Какая разница, кто снимал… Смотрел-то ведь точно он, больше некому. Сейчас смотрел, при ней, при Лилии. Ой, мама, мамочка, и зачем же ты меня, дуру разнесчастную, на свет…
А может, не при ней? А? Может, оно раньше все было? Кассету просто забыл в магнитофоне, за ненадобностью. А она случайно не на ту кнопку нажала, вот и заиграло оно, паскудство это. Проверить надо, вот что. Посмотреть, может, пыль на ней, на кассете, или еще что. И Лилия, заказав себе дальнейшие колебания, метнулась к огромному экрану.
Видеомагнитофона не было. Ничего похожего. Больше того, телевизор вообще не был включен в розетку. Вот он, шнур с вилкой на конце, лежит себе за тумбой. Ну точно, это ж она сама, как уборку последний раз делала, все поотключала. Уж Муня и журил ее, и объяснял, а она все вилки из розеток выдергивает, боится, как бы не жахнуло. Да что же это? Лилия в растерянности оглянулась. В дверях стоял Сигизмунд. Увидев ее зареванное лицо, кинулся, обнял, всю обцеловал. Ну, говорит, душа моя, выкладывай. Лилия набрала воздуха, шумно выдохнула, собираясь с духом. И выложила.
Оказавшись на улице, Мирон сразу же распрощался с недоумевающим, обеспокоенным Войко, напоследок уверив его, что чувствует себя прекрасно и немедля идет домой отсыпаться. Но убедившись, что неутомимый приятель покинул двор в поисках новых жертв, воровато скользнул обратно в подъезд и взлетел на верхний этаж. К его изумлению, Боруч открыл сразу же, будто дожидался под дверью.
– Знал, что вы вернетесь, – простонал он, глядя на Мирона, как на ложку касторки, с покорностью и отвращением.
– Знали?
– Ну я ж как-никак ясновидящий! Ладно, идемте.
Семеня впереди Мирона по коридору, хозяин непрестанно жаловался:
– И чего вы только пришли?

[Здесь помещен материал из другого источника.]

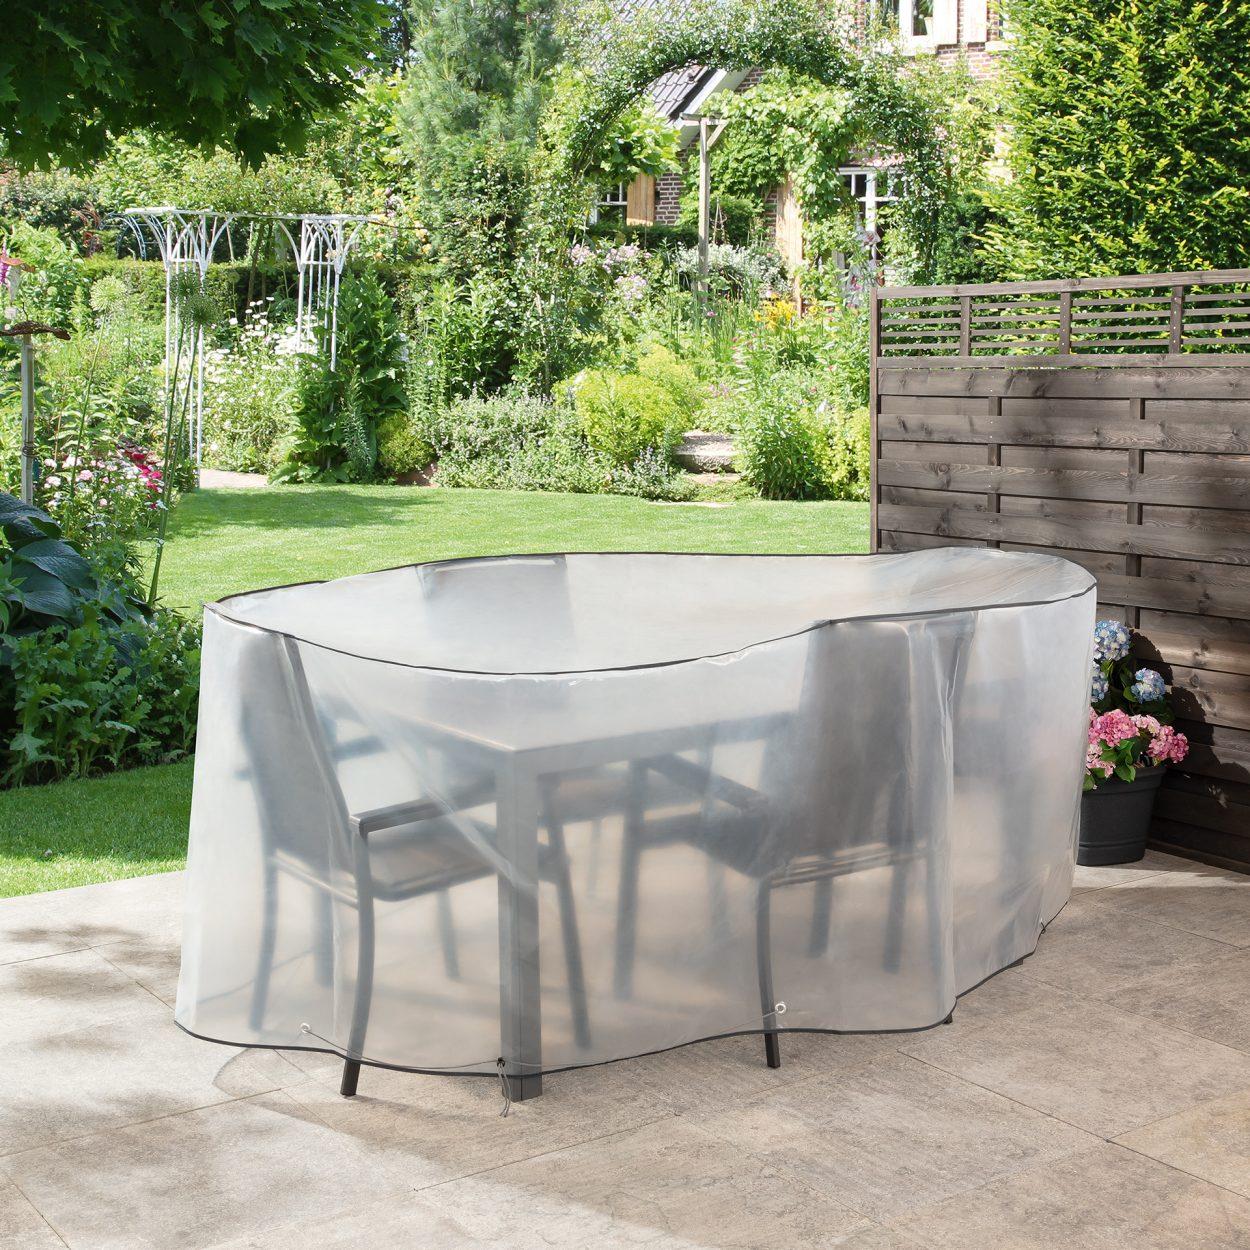 Full Size of Schutzhlle Fr Gartenmbel Grillgerte Sonnenliege Gnstig Relaxsessel Garten Aldi Wohnzimmer Sonnenliege Aldi

Что вам только понадобилось? Ну скажите, что вам от меня надо? Я честный человек, я не делаю ничего плохого, я…
– Подождите, господин Боруч. Скажите одно: вы действительно, ну… что-то можете?
Тот глянул украдкой, с непонятным выражением. Растерянность, непонимание? Страх?
– Что вам надо?
– Объясните, что произошло только что. Когда мы держались за шар.
Боруч выкатил глаза:
– Молодой человек, не морочьте мне голову! Не знаю, кто вы такой, как устраиваете эти свои фокусы, но…
– А про бабушку – правда?
– Отчасти, – нахохлился потомственный маг. – Бабушка в горах жила, травы знала. Людей лечила, животных, звери ее слушались. Предсказывать маленько могла, но это когда как. То, говорила, вижу, а то нет ничего. Она с воды читала, из тазика оцинкованного.
Мирон даже развеселился:
– А вы, значит, на высокие технологии перешли?
– А идите вы…
Помолчали, глядя каждый в свою стену.
– Мне ведь помощь нужна, господин Боруч. Я человека одного ищу и…
– Это не ко мне, это в сыскное.
– Да я сам оттуда! Вы… вы поймите, господин Боруч, это не то. Это… я и сам не знаю что. Еще и пещера эта дурацкая… И страшно так, особенно ночью!
Боруч отстранился.
– Вы ведь увидели что-то – там, в шаре. Что-то ведь было! Значит, можете…
– Да не могу я ничего!
– Можете! Вот и бабушка ваша – вода, тазик… Это ж у вас наследственность!
Мирон и сам не заметил, что с каждым следующим безумным аргументом делает шаг к Боручу. Трясущийся потомственный маг пятился, пока было куда отступать, но, наконец, припертый спиной к шкафу, кивнул.
Забытая в суматохе сфера по-прежнему лежала на алтаре. Оба с опаской приблизились к ней, настороженно вглядываясь, будто ожидали от банального куска стекла нехорошей каверзы. Мирон первый решился протянуть к ней руки. Ничего не произошло. Остывшая мертвая вещь.
– Подсветку включать? – смущенно осведомился кудесник.
– Давайте. Пусть все будет, как в первый раз.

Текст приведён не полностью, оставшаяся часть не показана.